I retired at the end of June and still think about my company and some of the people I liked there. Today is Sunday and I had the same feeling I always had on Sundays, tomorrow is a work day. Just wondering how long it takes before your brain disengages with your last job and you no longer think about it at all?
@Vinny Waccio In my case, during the Reagan Recession I was laid off from the highest-paying job of my life. Devastation described my wife's, and my outlook. We fought back by becoming self-sufficient in the woods of Northern Arizona. My brain seethed like the proverbial toad's. Soon, I accepted our lot. Enjoyed it. Savored it. No boss. No commitment. No company involvement. But, also, no income, no dough. A year of self-sufficiency convinced me more was needed. Income, however small. We secured it via a 2nd. mortgage we carried for the buyer of our house. Making the best of a bad situation, we were doing that............then, my employer called me back to work. Easy decision, needed income, retrospect, never again 100 times over. Frank
In a couple of months, it will be 11 years since I worked and retired. I still think about my last job and supervisor/director. For one thing, it was the highest paying job I'd ever had and I really, really liked my job. Thing was, I was only gone for a couple of years before the department end up closing. Had no idea that was going to happen when I quit to move.
Like some of you it was a cash cow for me. I got a 6 figure salary plus 25% of the net profits. I saved up for retirement in just the last 6 years. The owner of the company is also a friend since we have been together for 25 years. She has taken care of me and given me almost everything I asked for, even working from home. What is interesting is that I run into a lot of people who hated their jobs. I loved my job, but just got burnt out because I loved it so much that it became my life. My job was my hobby since I was 14 and to be paid for it was fantastic. However, each night as I laid down to sleep my mind was filled with work stuff and I could not sleep. Now when I lay my head on my pillow there is silence. Nothing to worry about, to plan or to review to make sure I did it right. I will say that a few people made it a point to tell me to keep in touch and yet they do not respond to my emails or return my calls. I know how that goes though. They do not want to be reminded that they have to work for a few more decades.
I had a friend who went through the same thing and he too discovered that you cannot live off the land and start a photography business. So he is back to working full time and burnt through most of his savings which was to last him for the rest of his life.

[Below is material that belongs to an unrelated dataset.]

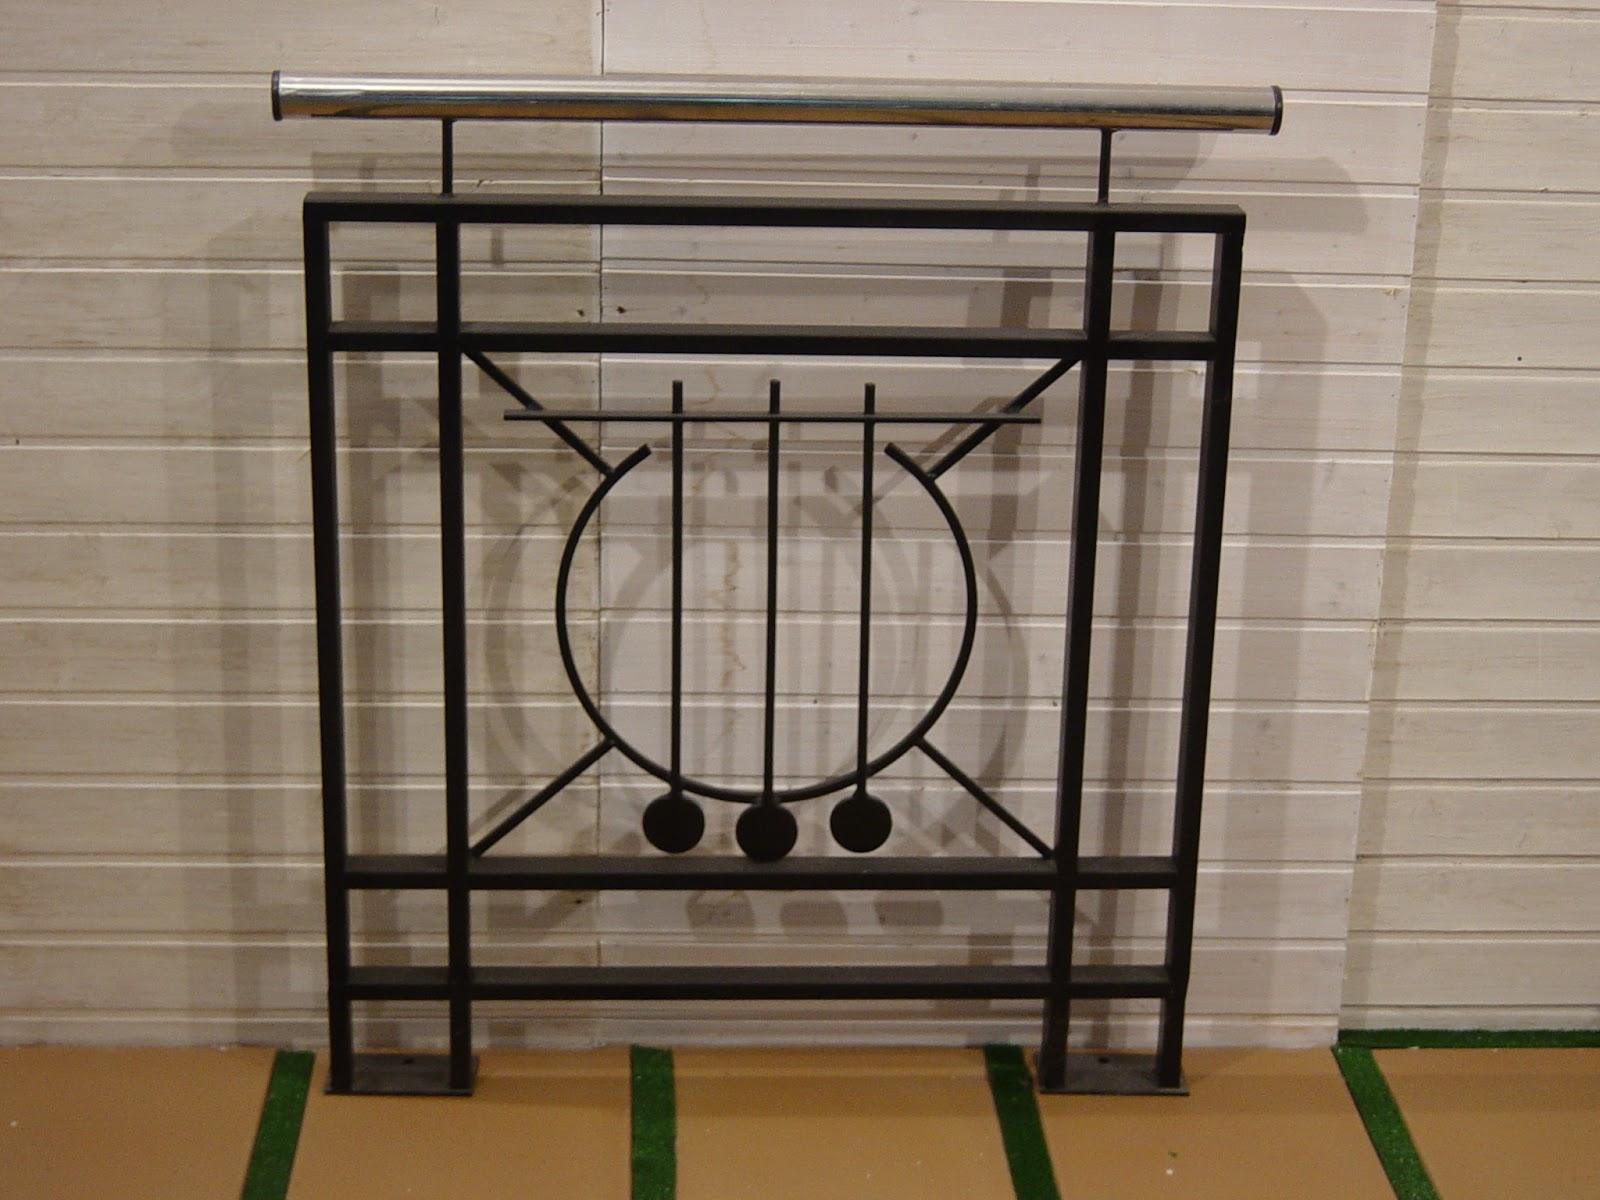 Rejas para ventanas y puertas en forja ideales para - Puertas para escaleras ...

I retired 25 years ago although it never crosses my mind very often but in my sleep I am back at work doing different things. There must be a lot of unfinished business going on in my head. My children keep asking me about my work and that also brings back memories but nothing negative mainly all the pranks we play while working.
Jobs that I have held for a few years or more I remember, and am often still doing these jobs in my dreams.
Since I am still working full time, guess I shouldn't post in this thread. But...We ( wife and I ) decided that November 30th is my last day at work, and I get to FINALLY retire fully. ( not just one , but a couple more .) So I figure I'll dig this thread up around December 1st to give my take on this subject. Yea, that'll probably be too soon. ( and yes, I AM counting the days! )
@Tim Burr I've always said the best thing I ever did was to retire! It took 3 tries, each more rewarding than the previous one! Frank
How Long Did It Take You Before You Forgot About Your Old Job? An hour maybe? Cleared out my office in the evening when no one was there, and never set foot in the building again. That was 16 years ago. Never looked back. Ended up with a manipulative boss who tried to pit employees against each other for her own personal benefit. I guess what bothered me most was it was a nonprofit group working for the state. By the time I retired there was no mission, just a group of people looking out only for their backsides. Maintained friendship with one person from work, but neither of us talked about work after retirement, except occasionally, as a sad joke. Groucho Marx once said, "To (.be able to) forget things ... is one of the most important contributions to your own existence." .. I interpret that perhaps a little differently than he meant it.
I still think of my old job. I think of most of the jobs I have been fortunate enough to land. Working at some of them is where I shined the brightest, wheere I acheived recognition for my contributions, or where my efforts were rewarded with either cash payments or a trip with spoused to a resort area, expenses paid.. But mostly, I enjoyed the work I did and look back fondly at some of those companies, and some of the people I worked with. Not only do I think of them occasionally, but i often dream of those companies and those people, fondly. They were good times and they still produce good memories after all these years.